**Task to carry out**
Starting with the line that contains "AMOC Racing Club Car Championships", return every line through the end of the listing below exactly as written. Omit the pictures.

**Data**

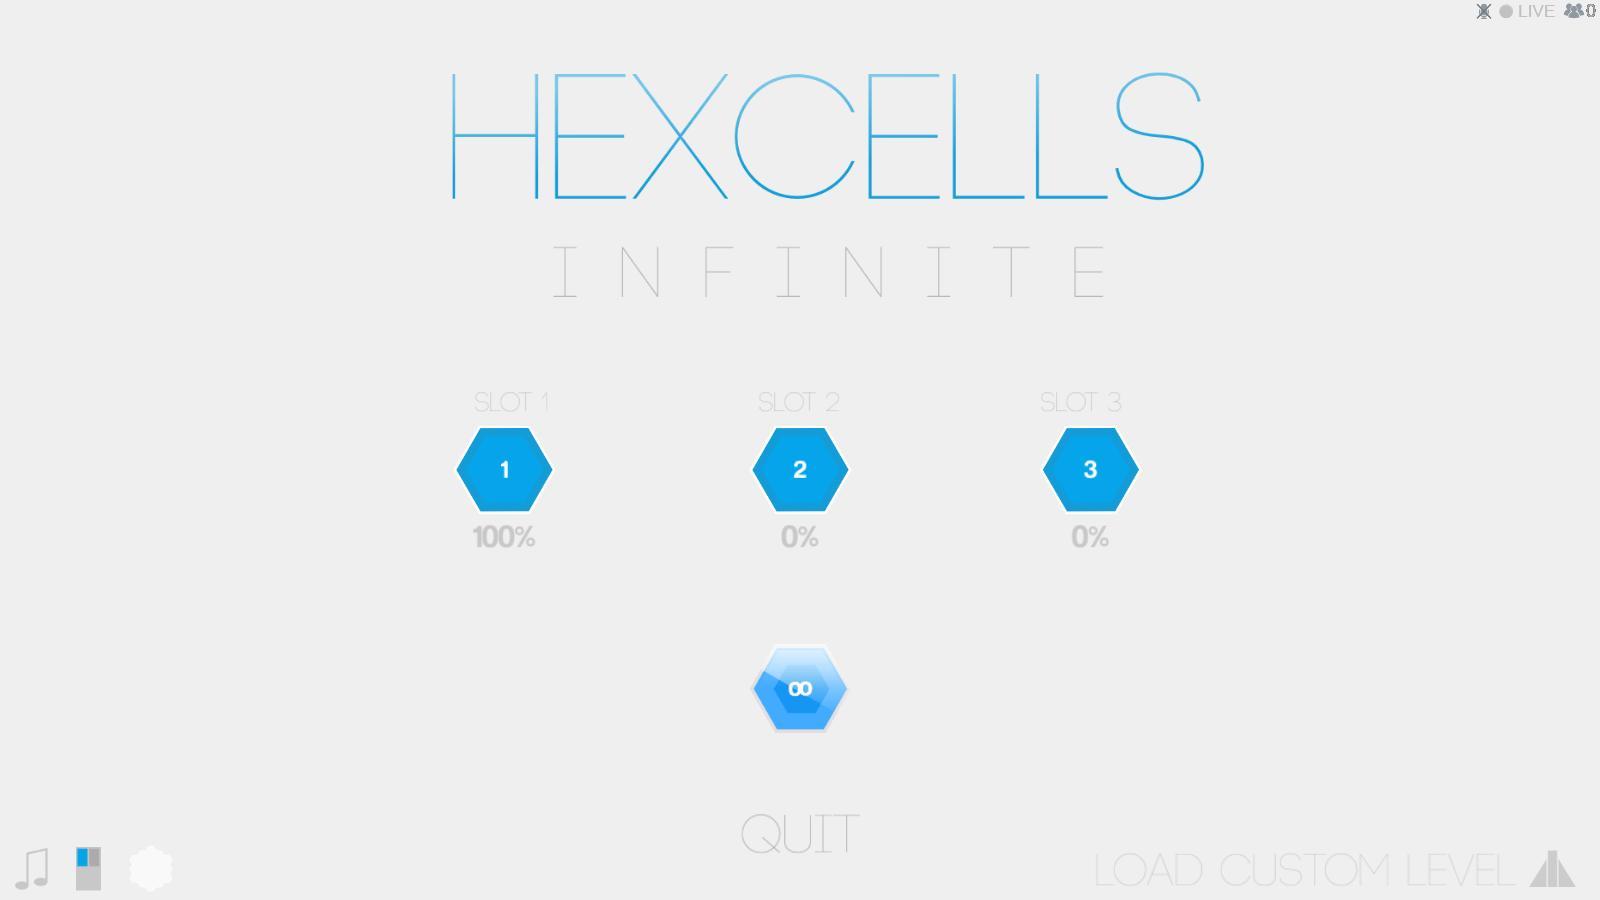 hexcells_08.jpg
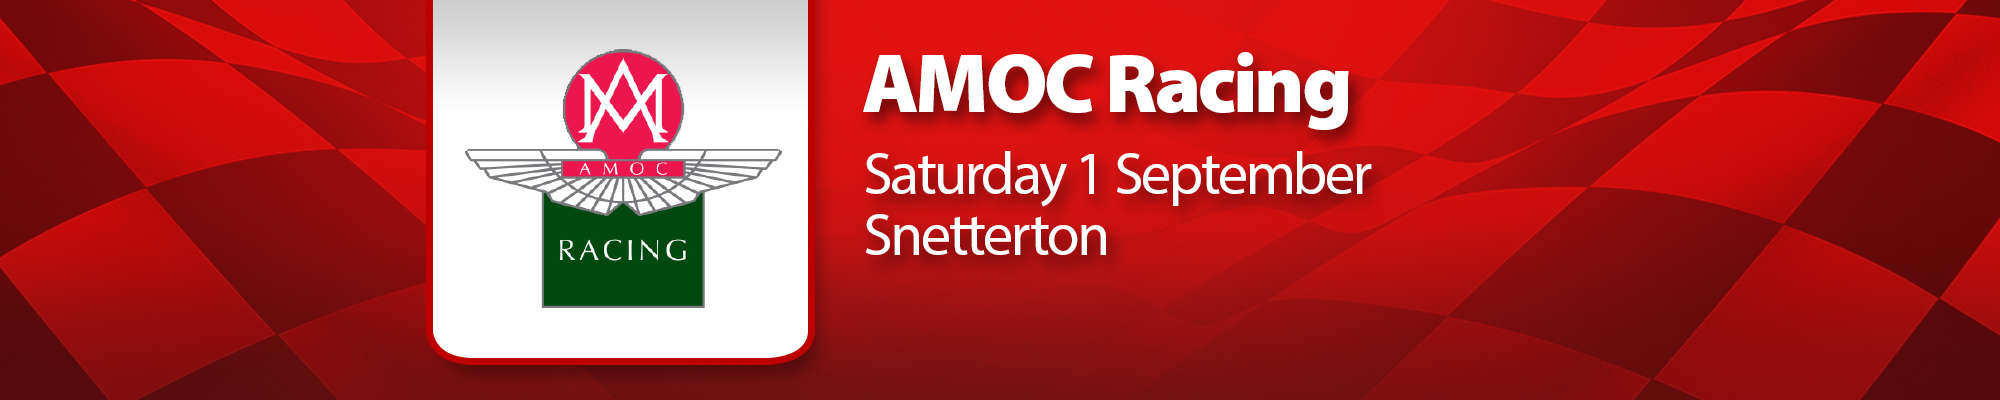 AMOC Racing Club Car Championships
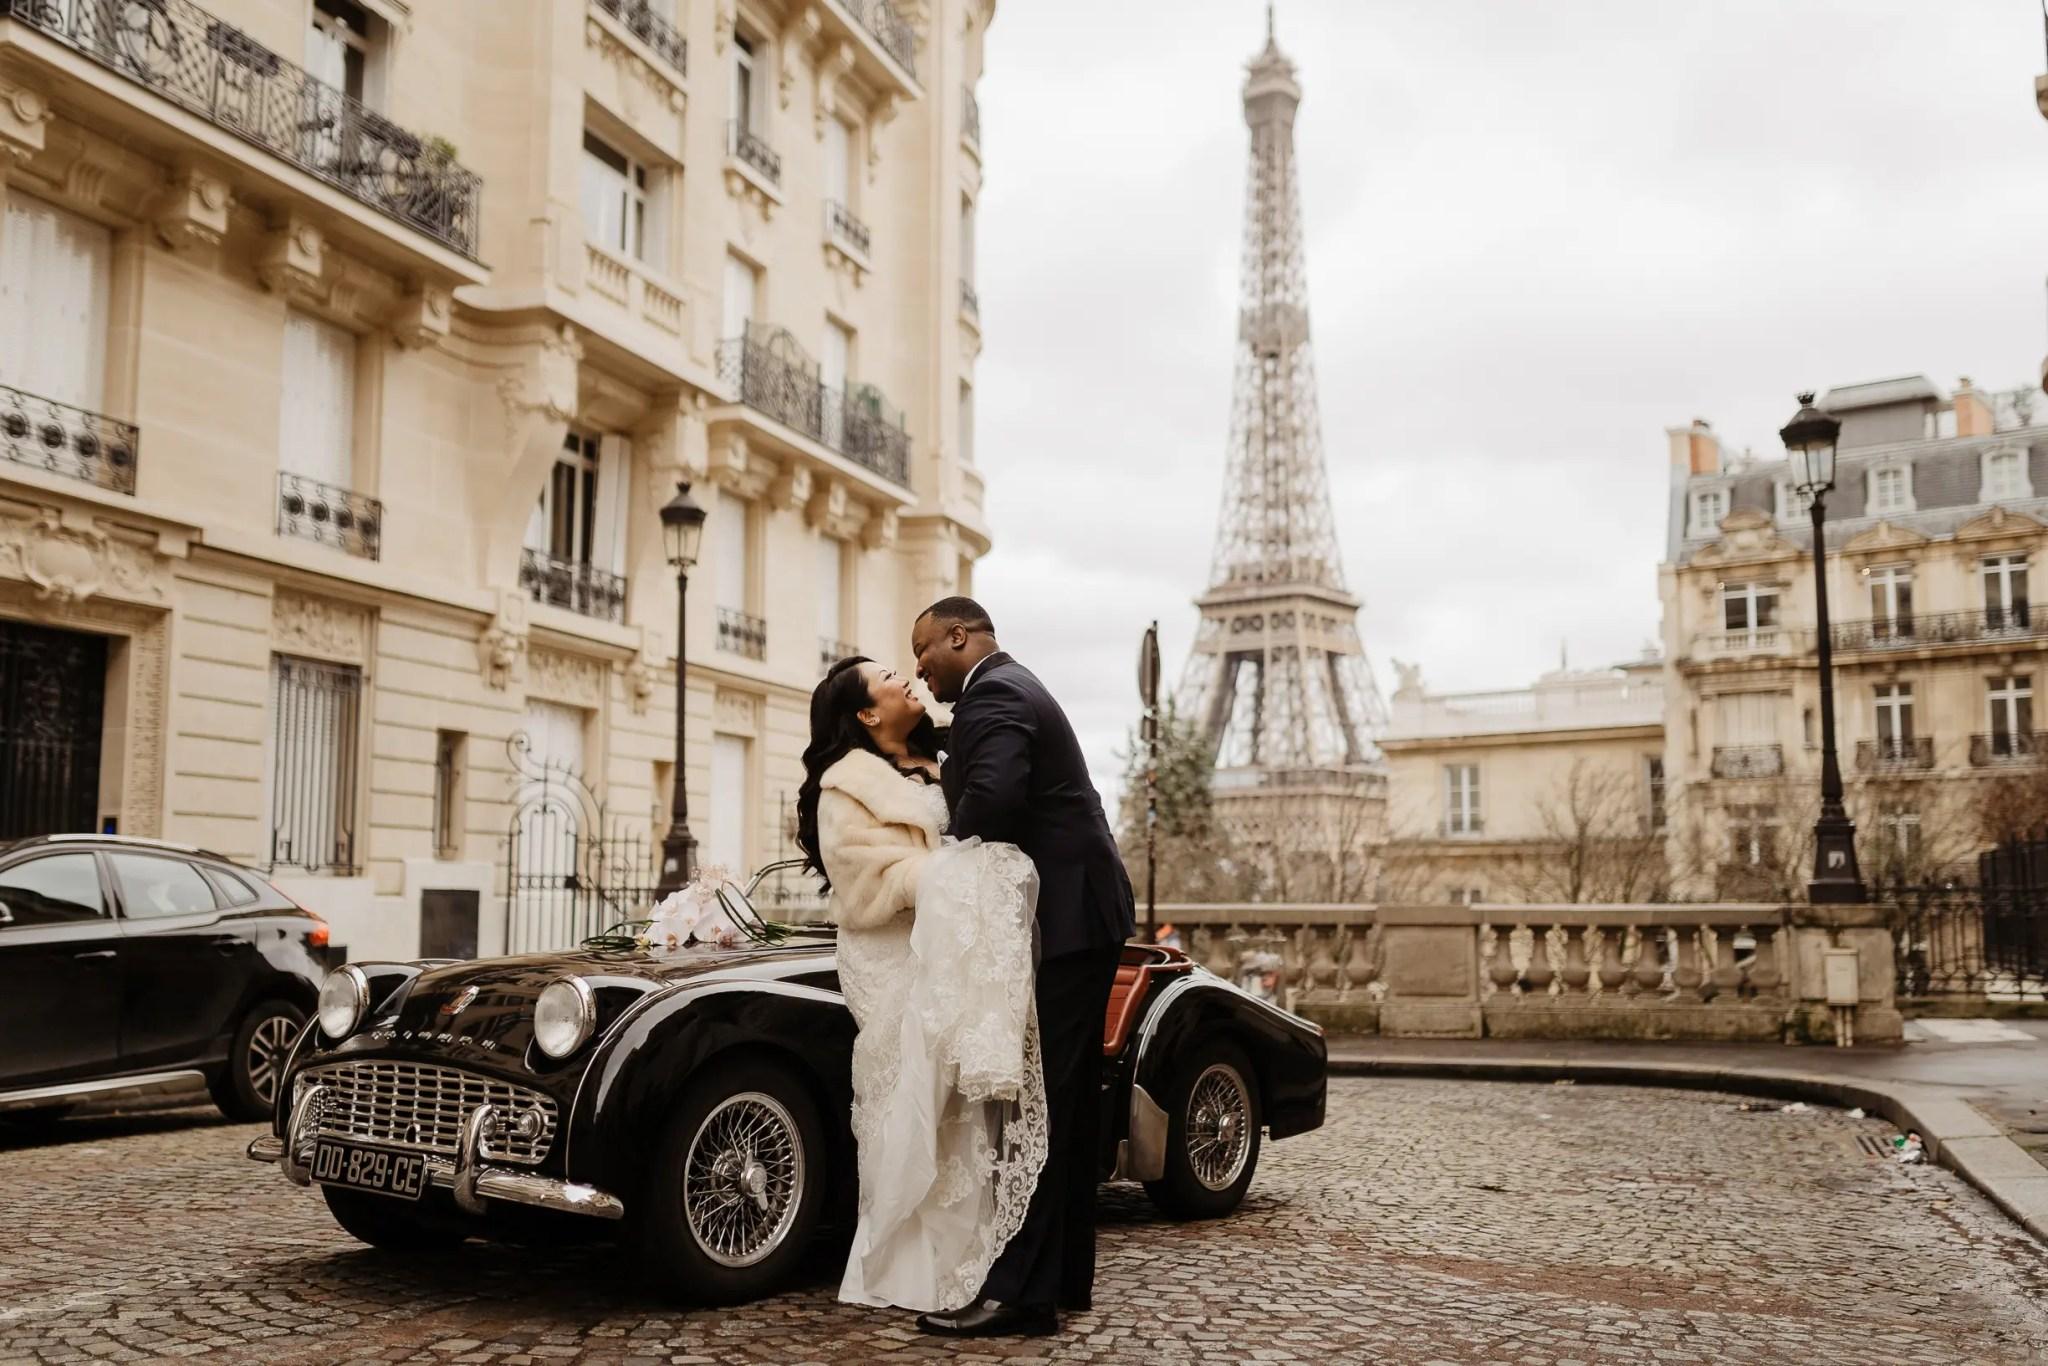 paris wedding photographeer eiffeel tower street vintage car

**Solution for this problem**
 AMOC Racing Club Car Championships
 paris wedding photographeer eiffeel tower street vintage car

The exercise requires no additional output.